:: Exercise details ::
Once the line containing "Shivell_senior_2019_adventure.jpg" is found in the material below, it and every line after it should be transcribed exactly, with pictures left out and nothing added.

:: Data extract ::
---
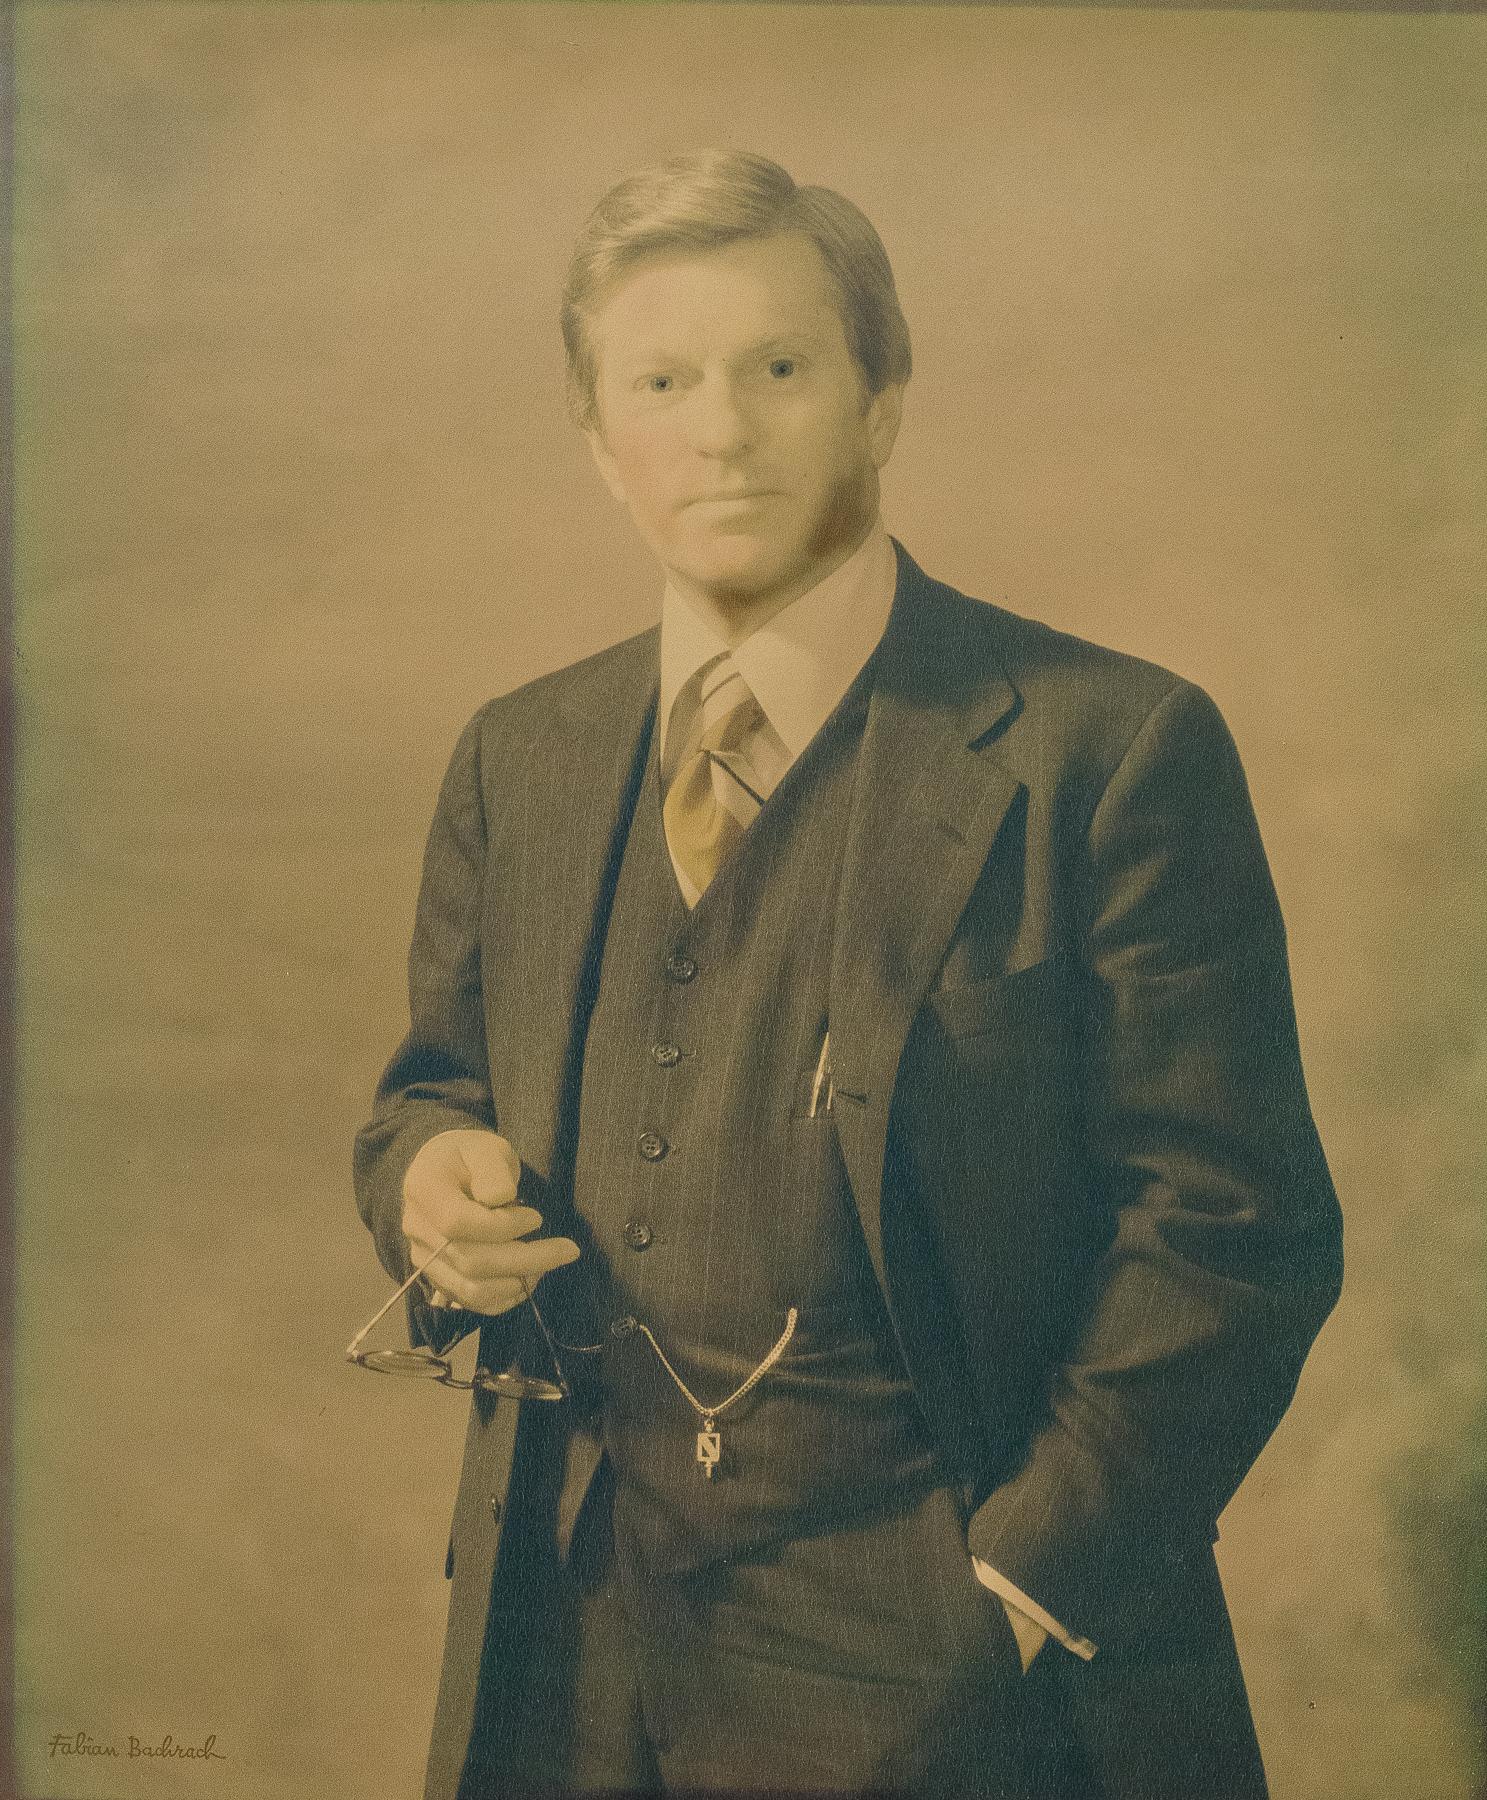 Robert O. Harvey. Dean 1963-1974.
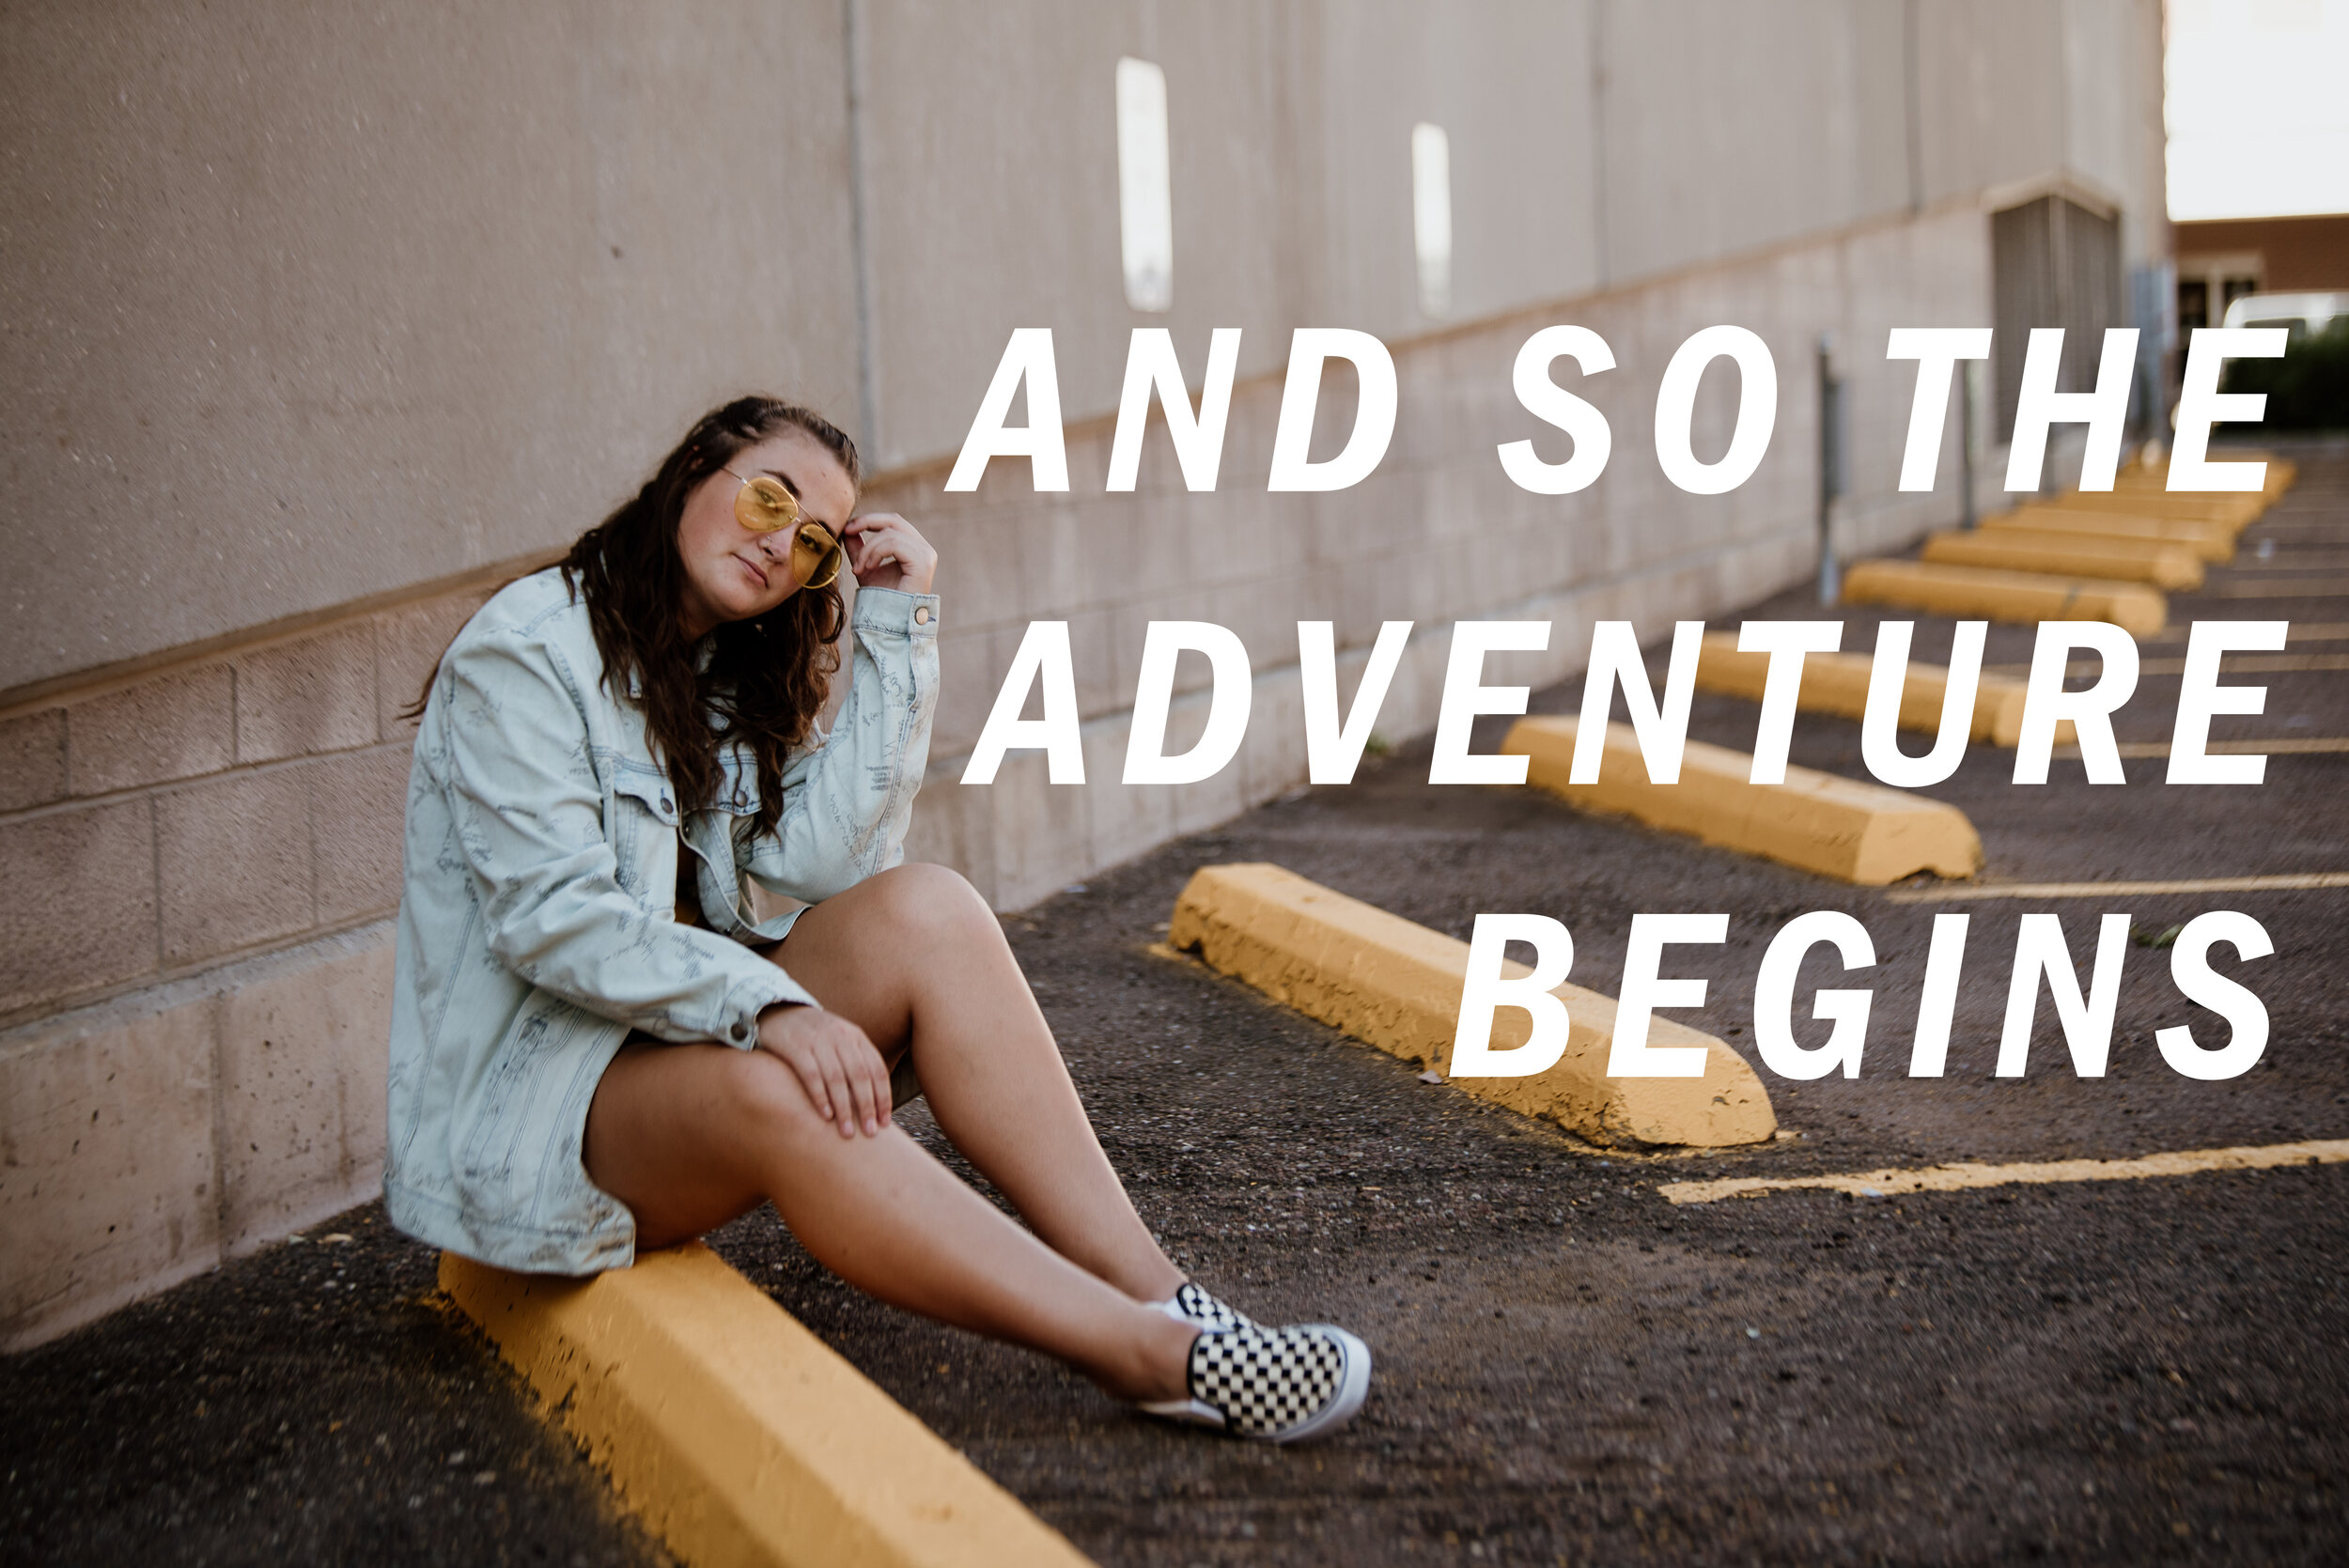 Shivell_senior_2019_adventure.jpg
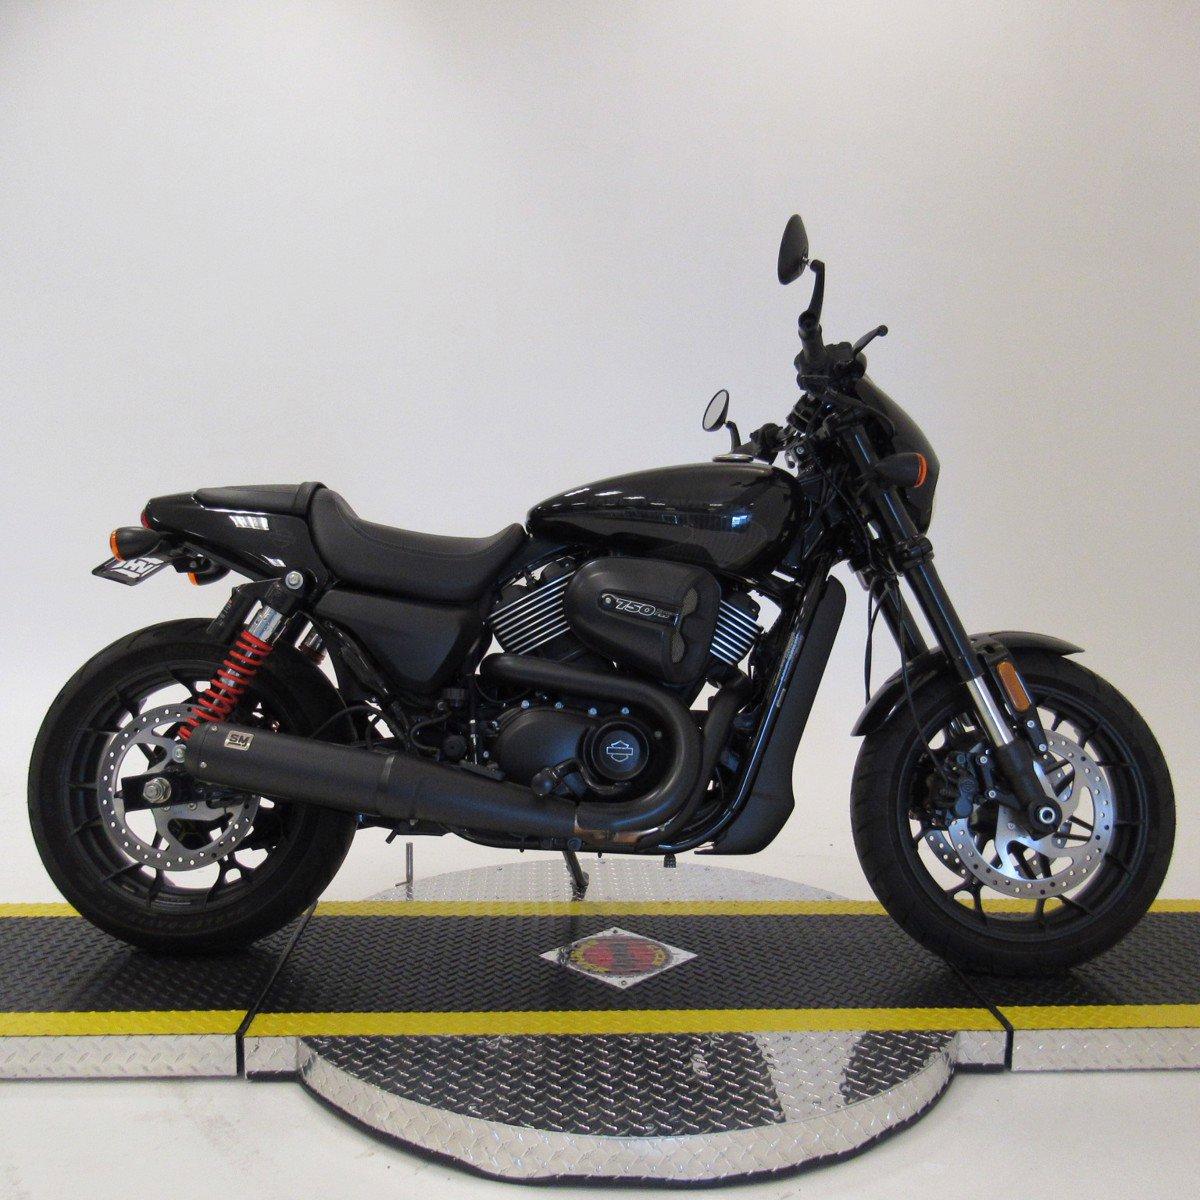 Pre-Owned 2017 Harley-Davidson Street Rod XG750A
---
:: Your solution ::
 Shivell_senior_2019_adventure.jpg
 Pre-Owned 2017 Harley-Davidson Street Rod XG750A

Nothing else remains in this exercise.